Agent Architecture Fundamentals

Executive Summary

Agentic AI systems are LLM-powered architectures in which the model autonomously decides what actions to take, executes those actions through tools, observes the results, and continues reasoning until a goal is achieved. This chapter establishes the architectural foundations — the agent loop, tool calling mechanics, planning patterns, and the ReAct framework — that every subsequent chapter in this section builds upon. It is required reading before any framework-specific chapter (LangGraph, CrewAI, MCP). AI architects, senior engineers, and engineering leaders responsible for production agentic systems should read this chapter in full.

Learning Objectives

  • Explain what distinguishes an agent from a chain or a standard LLM API call
  • Describe the ReAct loop and why it is the dominant agent pattern
  • Identify when agents are and are not the right architectural choice
  • Explain how tool calling works at the API level for major LLM providers
  • Evaluate planning strategies and their trade-offs for enterprise workflows

Business Problem

Enterprises need AI systems that can complete multi-step, goal-directed workflows — not just answer a single question. Consider a prior authorization workflow: the AI must retrieve the patient's clinical history, look up the relevant payer policy, evaluate clinical criteria against that policy, identify missing documentation, draft a determination letter, and route it for physician review. This cannot be expressed as a single prompt. It requires sequential decision-making, tool invocation, and state persistence across multiple steps.

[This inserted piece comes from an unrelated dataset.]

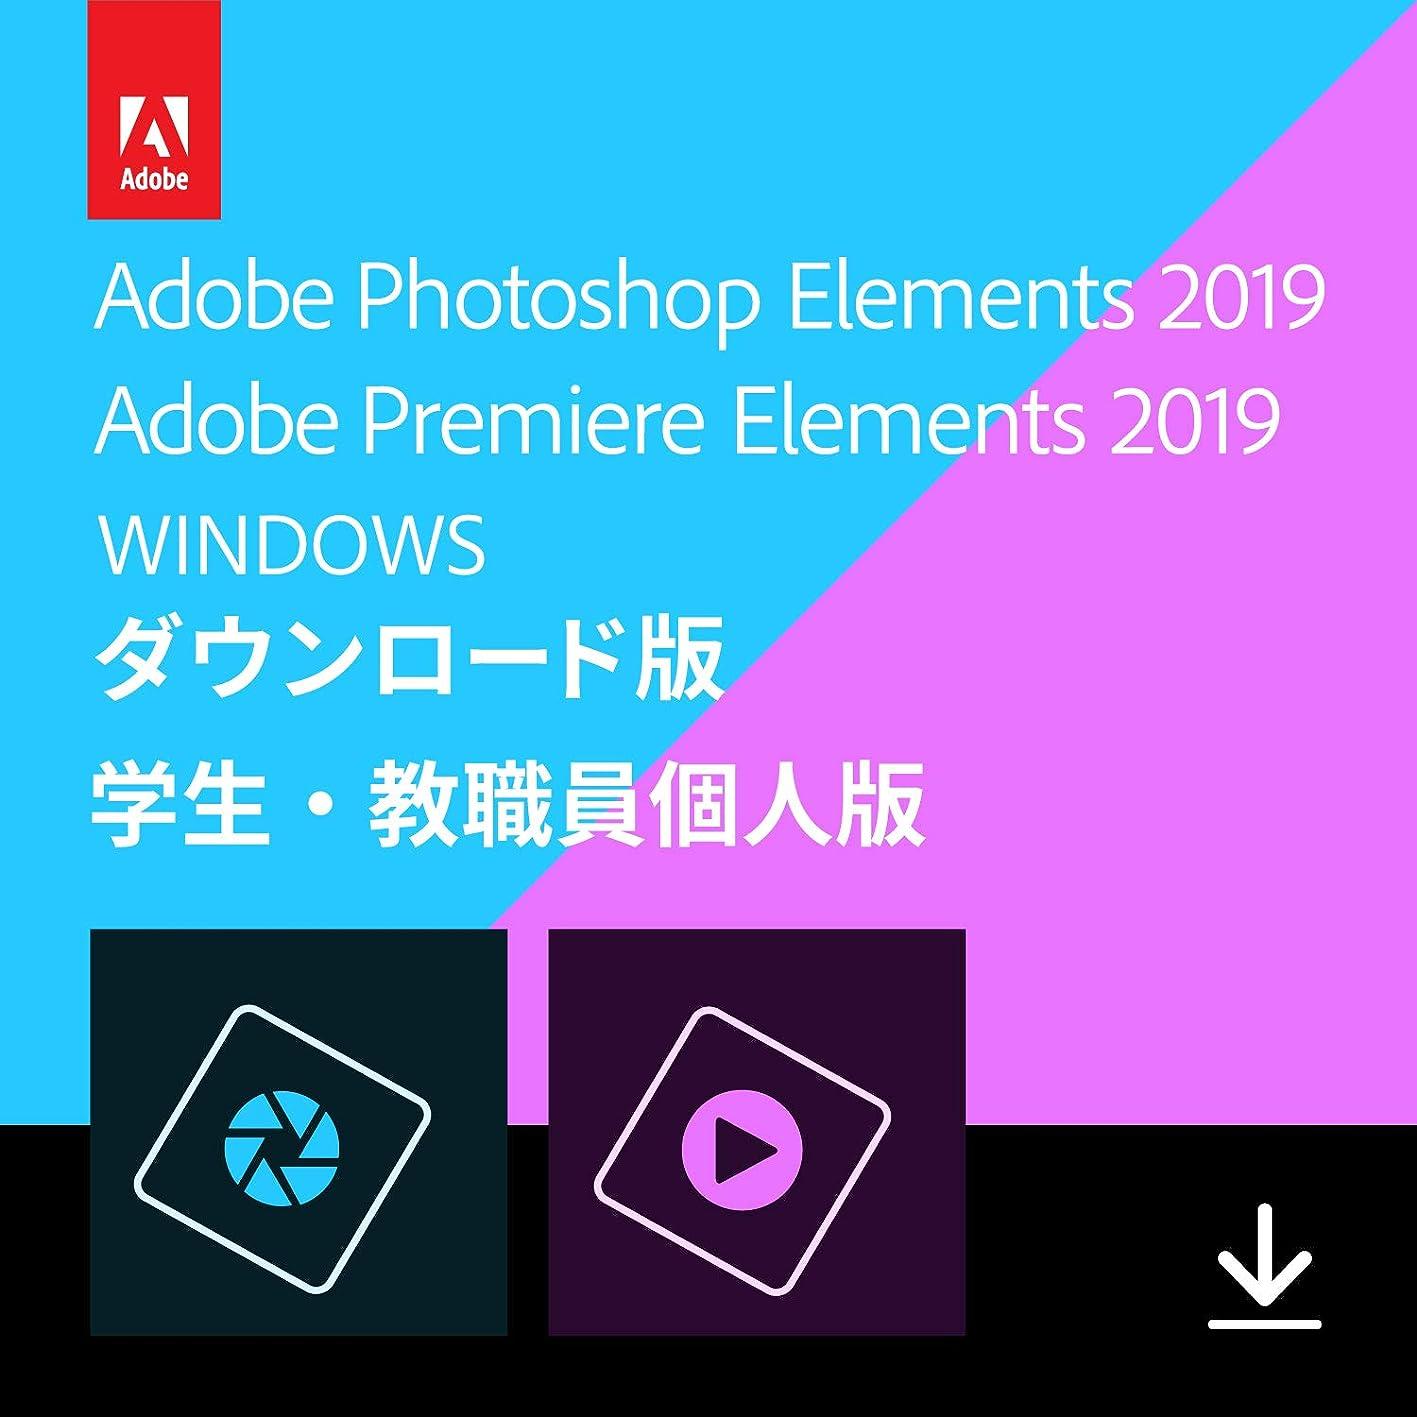 処方する骨折欲望Adobe Photoshop Elements 2019 & Adobe Premiere Elements 2019 学生?教職員個人版 Windows版 DL

Traditional LLM deployments (RAG pipelines, single-turn Q&A) cannot complete these workflows autonomously. Human operators must bridge the gaps between steps, which is precisely the labor cost that agentic systems eliminate.

Why This Technology Exists

The earliest practical pattern for autonomous LLM behavior was chain-of-thought prompting (Wei et al., 2022) — instructing the model to reason step by step before answering. This improved reasoning quality but still produced a single output; the model could not take external actions.

The breakthrough was tool calling (function calling): the ability for an LLM to output a structured request for an external function, receive the result, and continue reasoning. OpenAI introduced function calling in June 2023. Anthropic introduced tool use in their API in 2023. Once tool calling was reliable, the agent loop became architecturally practical.

ReAct (Yao et al., 2022 — "Reasoning and Acting") formalized the pattern: interleave reasoning traces (Thought:) with tool invocations (Action:) and observations (Observation:), allowing the model to plan, act, and adapt in a single coherent loop. ReAct demonstrated that LLMs could solve tasks requiring 5–20 sequential steps with meaningful reliability.

The gap ReAct filled: between a model that reasons well but cannot act, and a model that acts but cannot reason about its actions' consequences.

Conceptual Explanation

An agent is an LLM equipped with:

  1. Tools — functions the model can call (search, database query, API call, file write)
  2. Memory — access to prior context beyond the current prompt
  3. A goal — an objective it pursues across multiple steps
  4. A loop — a mechanism to continue reasoning until the goal is reached or a stop condition is met

The critical distinction from a chain: in a chain, the developer decides the sequence of LLM calls in advance. In an agent, the LLM decides what to do next at each step based on what it observes. This autonomy is both the value proposition and the primary risk.

The Agent vs. Chain Distinction

Implementation code omitted in the Playbook edition. For complete code examples, production patterns, and advanced implementation details, see the Enterprise AI Technical Reference.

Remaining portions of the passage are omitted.